Citton argumenta que, para o fazer, seria necessário, entre outras coisas: promover práticas interativas de co-construção do conhecimento em vez de simplesmente transmitir conteúdos, promovendo a interpretação criativa; formar mais para a interpretação em sentido geral e menos consoante um afunilamento do conhecimento especializado; complementar a formação em argumentação lógica com questões de narratividade e estilo; promover uma interação (ainda que tensional) entre as disciplinas humanísticas e científicas (pp. 121-127).
Atenção fragmentada, interpretação enviesada
Algumas das causas da dificuldade de interpretação estão bem identificadas. A dinâmica digital desempenha nelas um papel importante. Sabe-se como o modelo de monetização dos “cliques” e a lógica aditiva inerente não só às redes sociais como à competição constante pela nossa atenção on-line, com ênfase nas constantes notificações recebidas 24 horas por dia em qualquer smartphone, são fonte de fragmentação da nossa atenção e dificultam o exercício de uma reflexão ponderada.

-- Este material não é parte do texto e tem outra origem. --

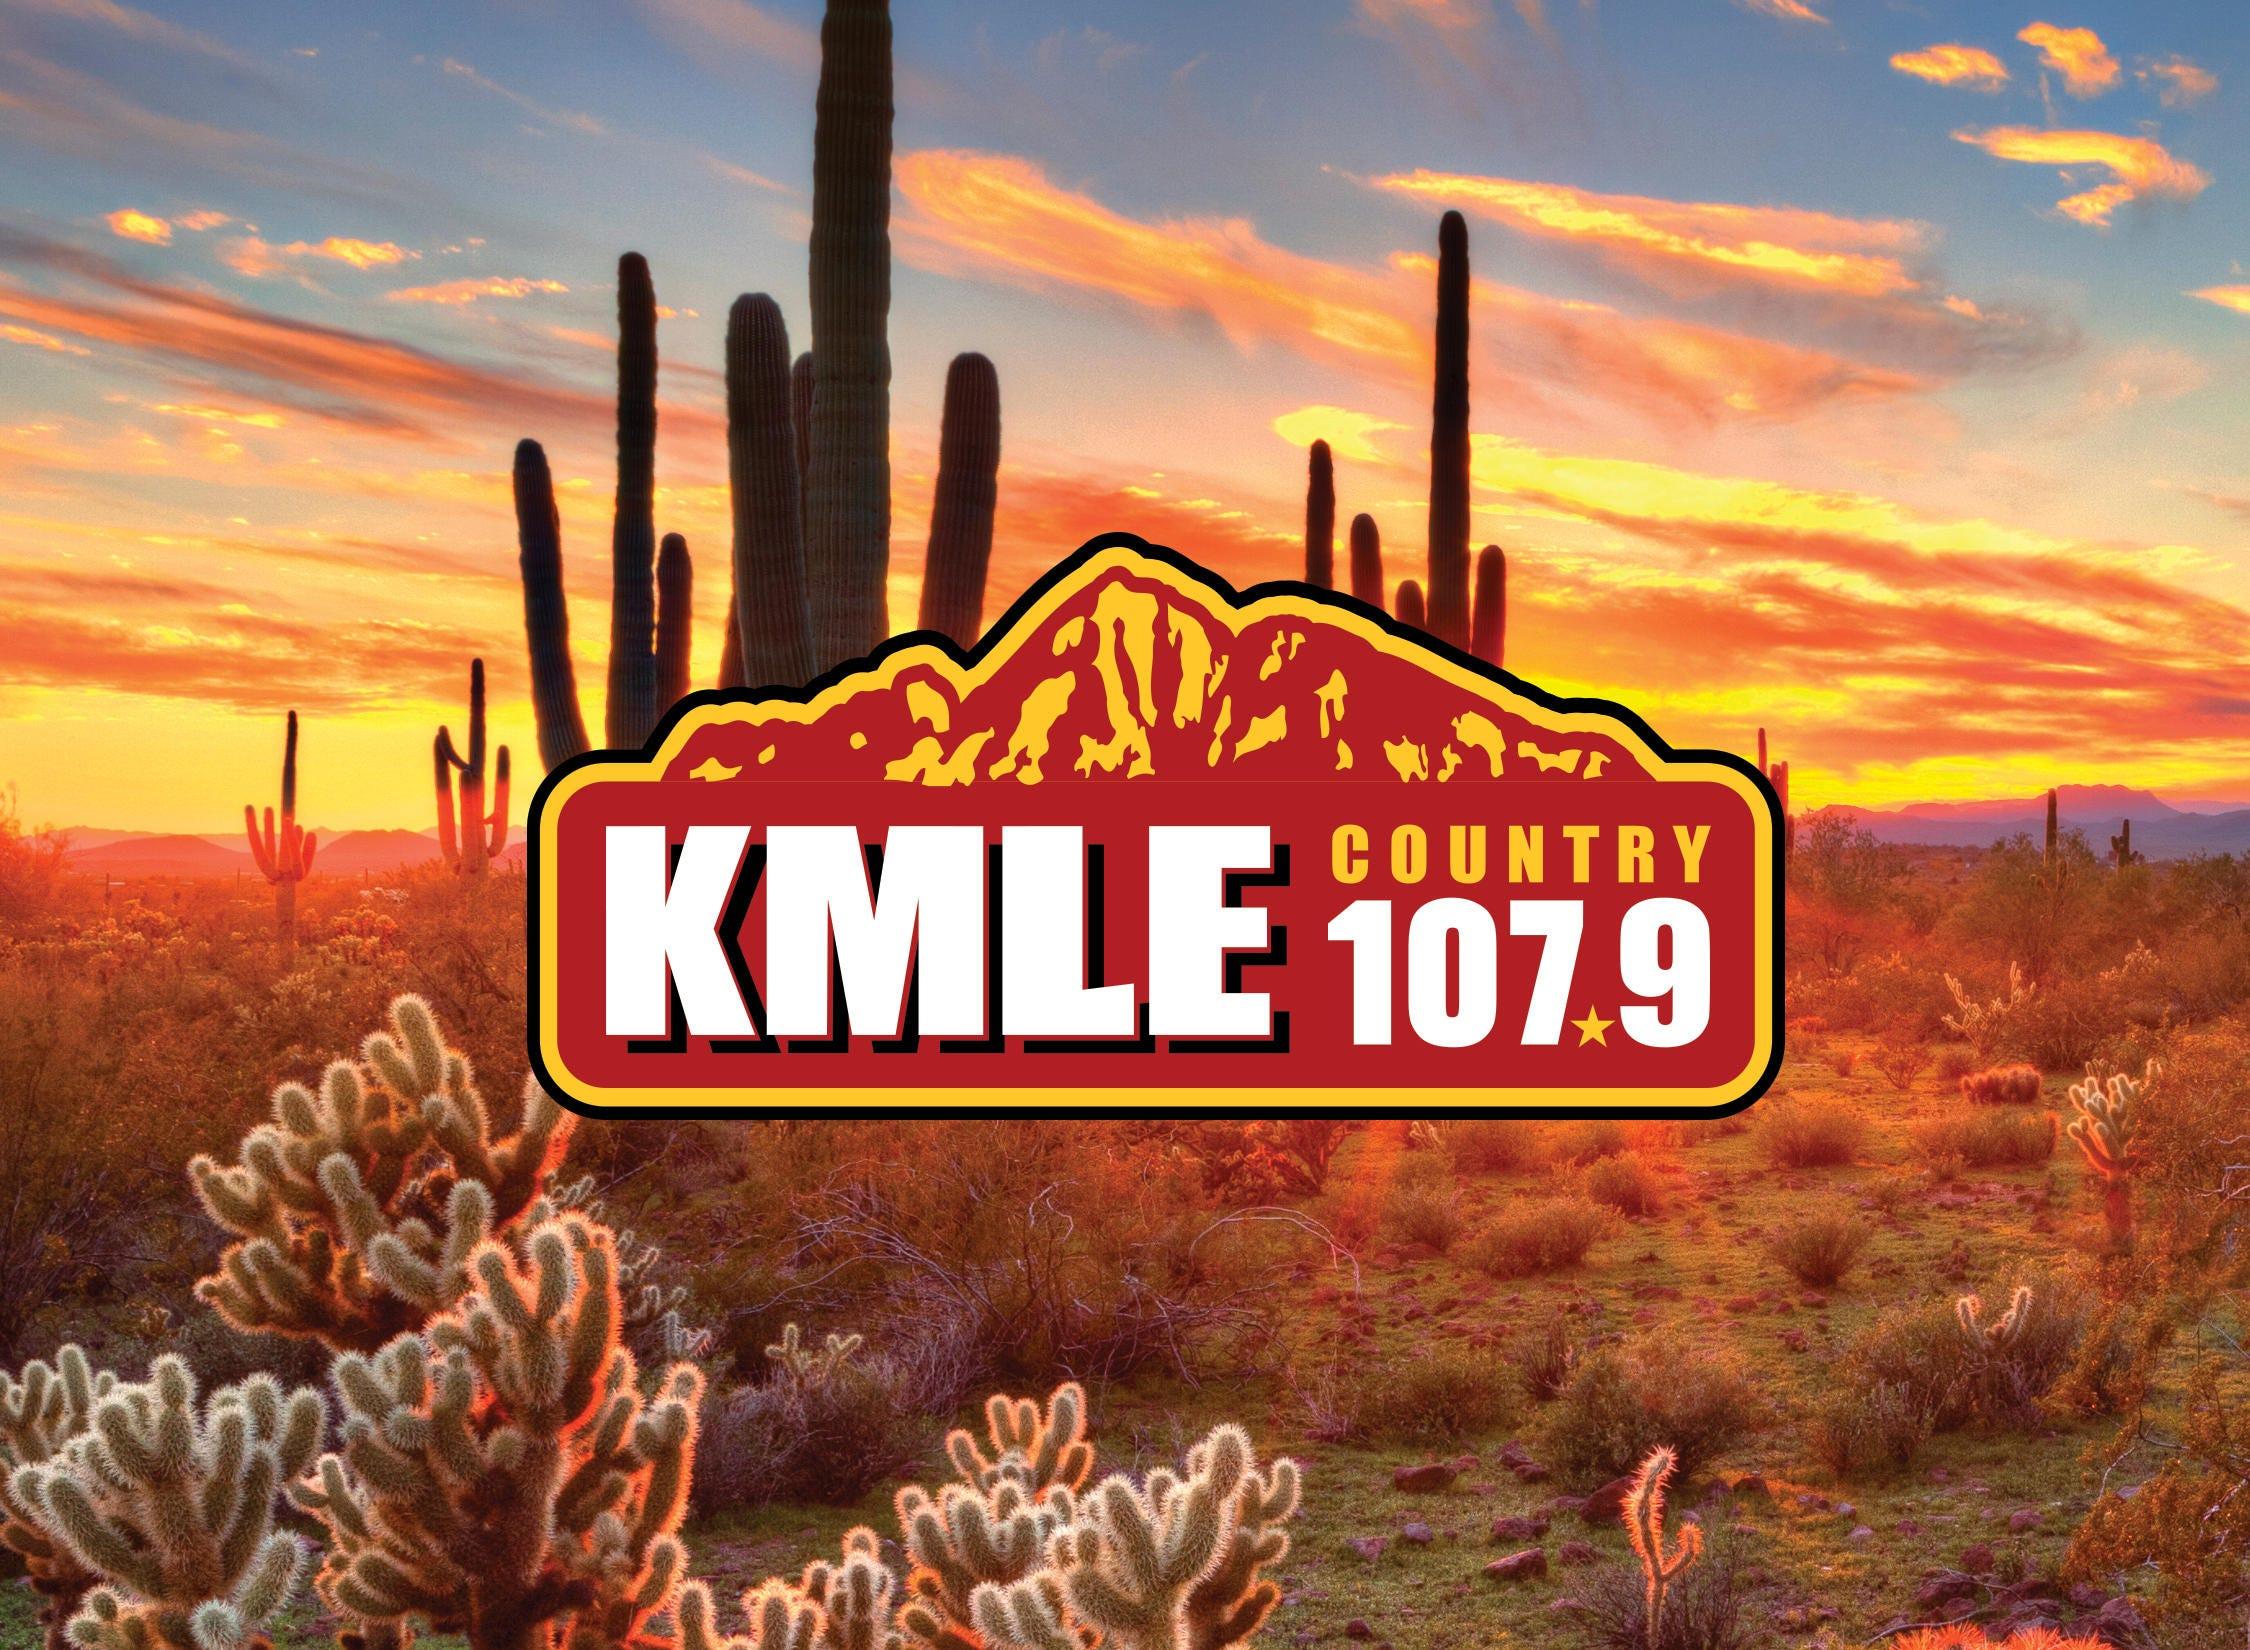 KMLE Morning Show

Acresce que, num mundo altamente polarizado, tendemos a reagir epidermicamente. Um indicador disso é a tendência de, aparentemente, muitas pessoas não lerem notícias inteiras, apenas os títulos e, ainda assim, partilharem esses conteúdos nas redes sociais de uma forma que não é contextualizada e, a maior parte das vezes nem sequer é compreendida.

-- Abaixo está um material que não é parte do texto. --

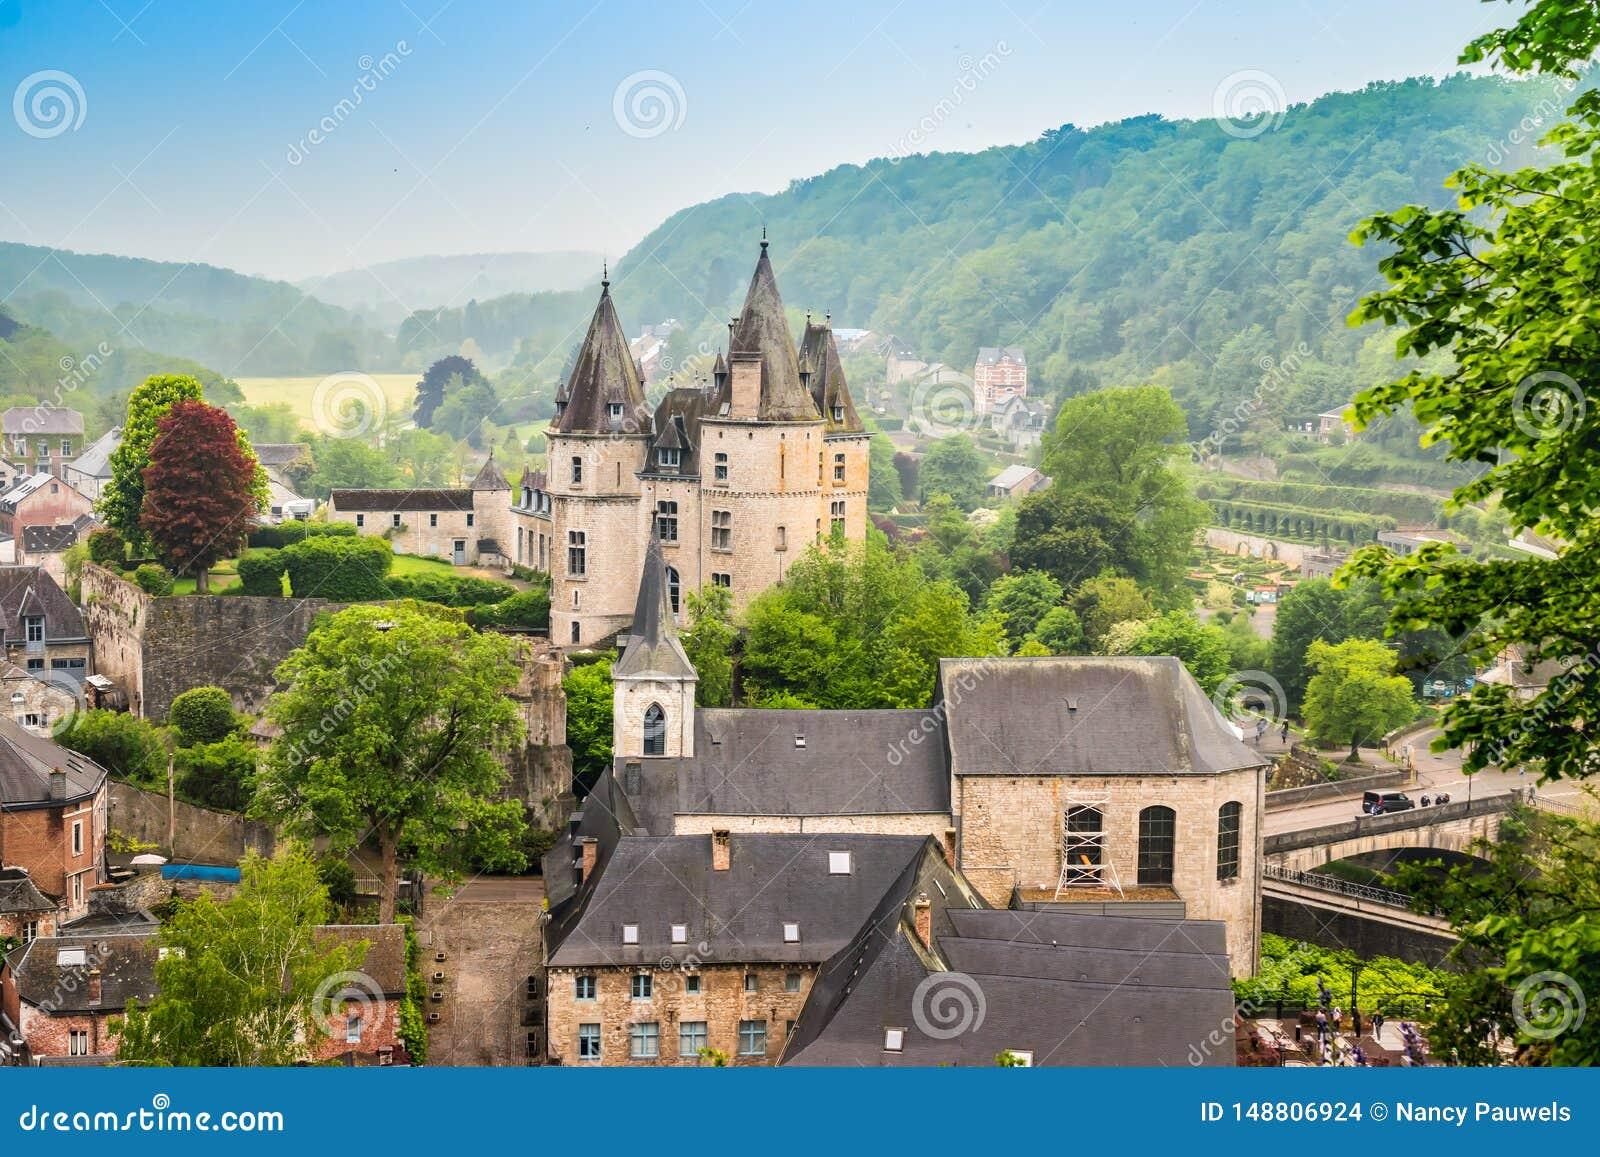 Durbuy, Walloon город в бельгийской провинции Люксембурга Красивый средневековый замок в центре города

Outro é a aparente incapacidade, por parte de tantos outros, de se compreender a ironia e, por isso, de se reagir com indignação por excesso de literalidade. Assim, e juntando-se às habituais heurísticas cognitivas que muitas vezes nos induzem em erro (leia-se “Pensar, Depressa e Devagar” de Kahneman), temos também uma atitude de hiper-sensibilidade que faz muitas pessoas ‘disparar’ antes (ou em vez) de inquirir.
Voltar ao básico
Antes que este texto pareça demasiado pessimista ou nostálgico, é preciso dizer que há sinais que a situação pode melhorar. Parte do problema parece ser que ler em formato digital parece ser menos propício a uma compreensão profunda do que fazê-lo em papel.
Ora, alguns estudos parecem indicar que a Geração Z não só tem hábitos de leitura regular como tende a preferir livros em papel, havendo até um ressurgimento da tendência de se frequentar bibliotecas. Ou seja, parece haver indícios do início de um movimento tão contraintuitivo quanto necessário, o de voltar ao básico: recuperar a componente material de uma leitura atenta e com tempo, bem como o encontro e a aprendizagem em comum.
É fácil perceber que muitas destas dinâmicas transcendem o sistema de ensino. Estes indicadores de inflexão nos hábitos dos mais jovens são um sinal de esperança; mas conviria que a educação também despertasse para a importância da arte de interpretar.